Right bundle branch block-type wide QRS complex tachycardia with a reversed R/S complex in lead V(6): Development and validation of electrocardiographic differentiation criteria
- Author(s)
- Minsu Kim; Chang Hee Kwon; Ji Hyun Lee; Ki Won Hwang; Hyung Oh Choi; Yong-Giun Kim; Kwang-No Lee; Jinhee Ahn; Hyoung-Seob Park; Gi-Byoung Nam
- Keimyung Author(s)
- Park, Hyoung Seob
- Department
- Dept. of Internal Medicine (내과학)
- Journal Title
- Heart Rhythm
- Issued Date
- 2020
- Volume
- 18
- Issue
- 2
- Keyword
- Differential diagnosis; Electrocardiography; Fascicular ventricular tachycardia; Supraventricular tachycardia; Ventricular tachycardia
- Abstract
- Background:
Differentiation of supraventricular tachycardia (SVT) with a right bundle branch block (RBBB) pattern from ventricular tachycardia (VT) is difficult, particularly when the R/S ratio in lead V6 is below 1.0.
Objective:
We sought to investigate the electrocardiographic criteria for distinguishing between these arrhythmias.
Methods:
We investigated electrocardiographic parameters from 111 consecutive patients who had RBBB pattern wide QRS complex tachycardia with a reversed R/S ratio in lead V6 (72 VTs, 39 SVTs).
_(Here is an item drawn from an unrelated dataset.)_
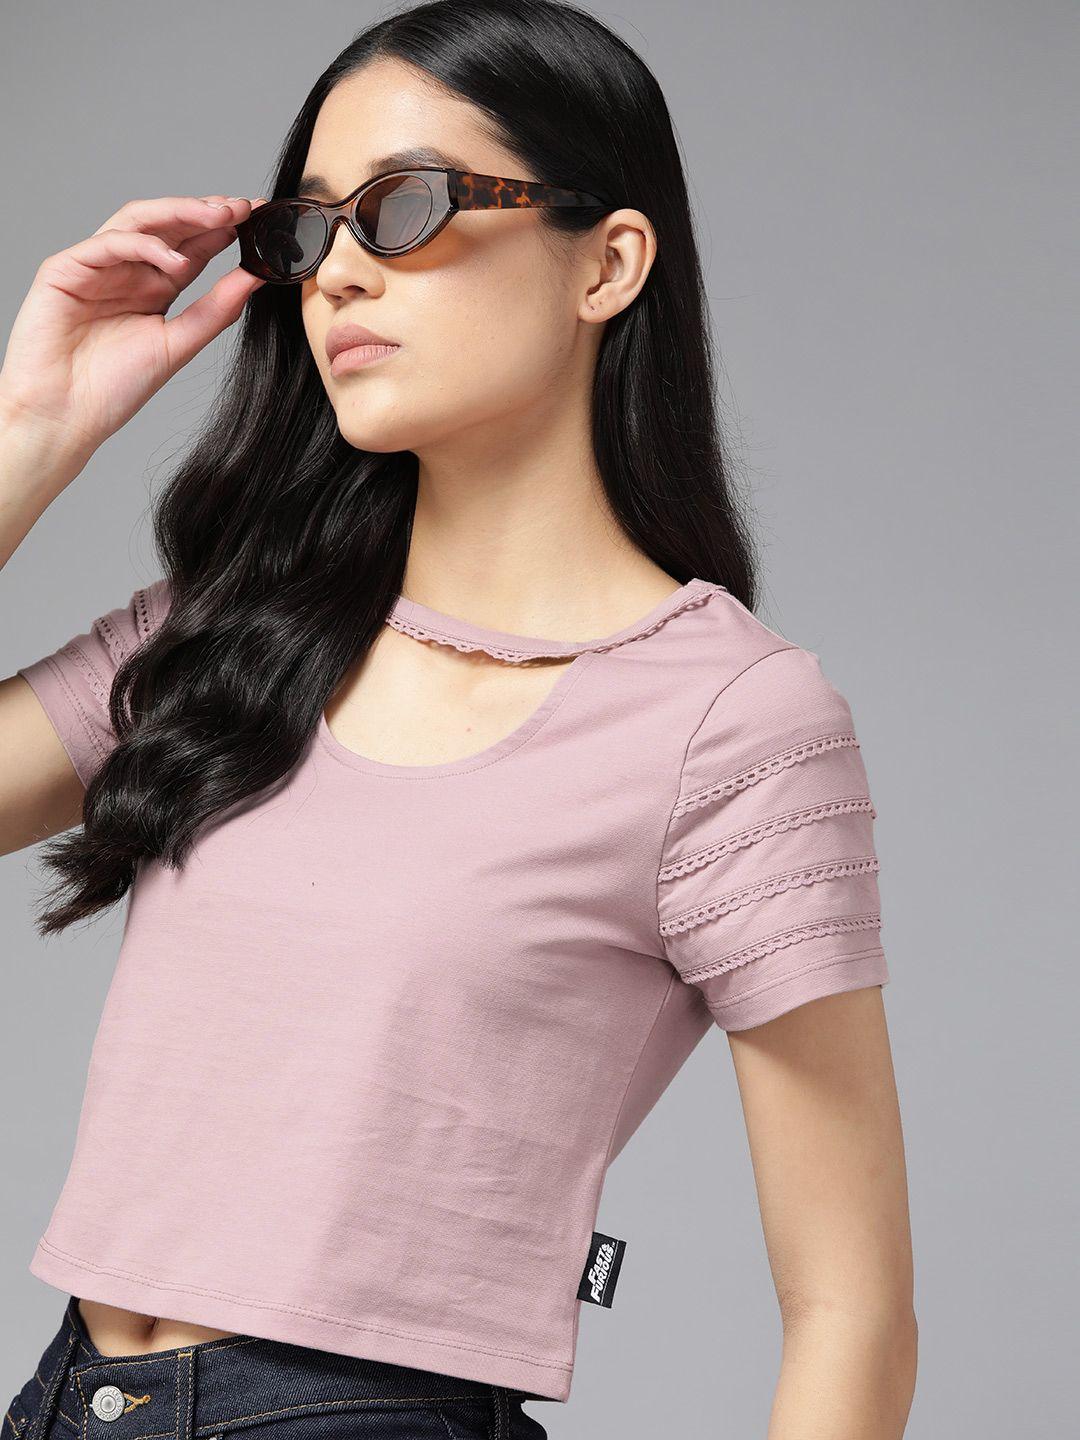 the roadster lifestyle co. cut out & lace detail top
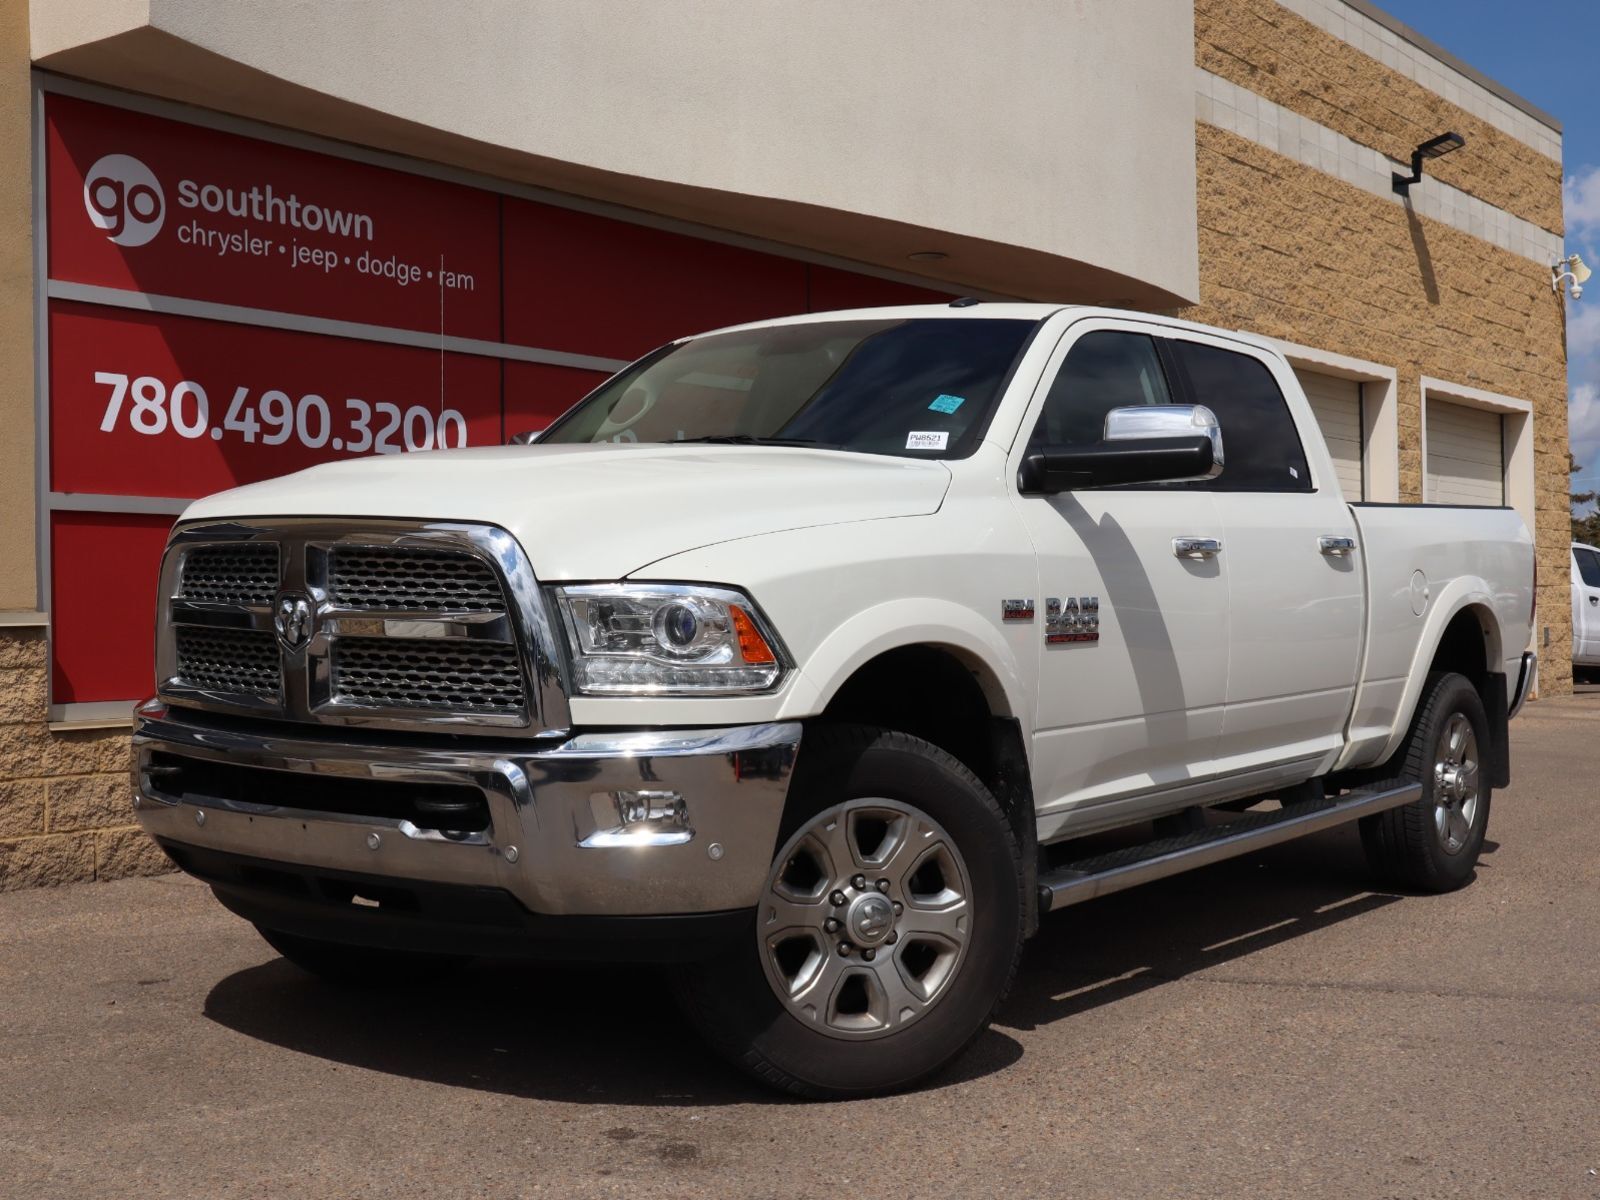 2017 Ram 2500 LARAMIE IN PEARL WHITE EQUIPPED WITH A 6.4L HEMI V

Diagnostic criteria from the previous algorithms were compared with our new criterion, the RS/QRS ratio, which was defined as the ratio of the interval from the onset of the QRS complex to the nadir of the S wave, divided by the QRS width in lead V6. The RS/QRS ratio was further tested in a prospective population (31 fascicular VTs, 29 SVTs).
Results:
The diagnostic accuracy of previous criteria (Brugada algorithm, Vereckei algorithm, and R-wave peak time criterion) was only modest. However, the RS/QRS ratio in lead V6 was significantly lower in SVT than in VT (0.36 ± 0.04 vs 0.50 ± 0.08; P < .001). A cutoff value of the RS/QRS ratio >0.41 differentiated VT from SVT with a high diagnostic accuracy (sensitivity 97.2%; specificity 89.7%). When tested in a prospective population with fascicular VT, the diagnostic accuracy of the criteria was maintained (sensitivity 90.3%; specificity 86.2%).
Conclusion:
The RS/QRS ratio >0.41 in lead V6 is a simple and reliable index for distinguishing VT from SVT in RBBB pattern wide QRS complex tachycardia with a reversed R/S complex in lead V6. This criterion was particularly useful for the differential diagnosis of fascicular VT from RBBB pattern SVT.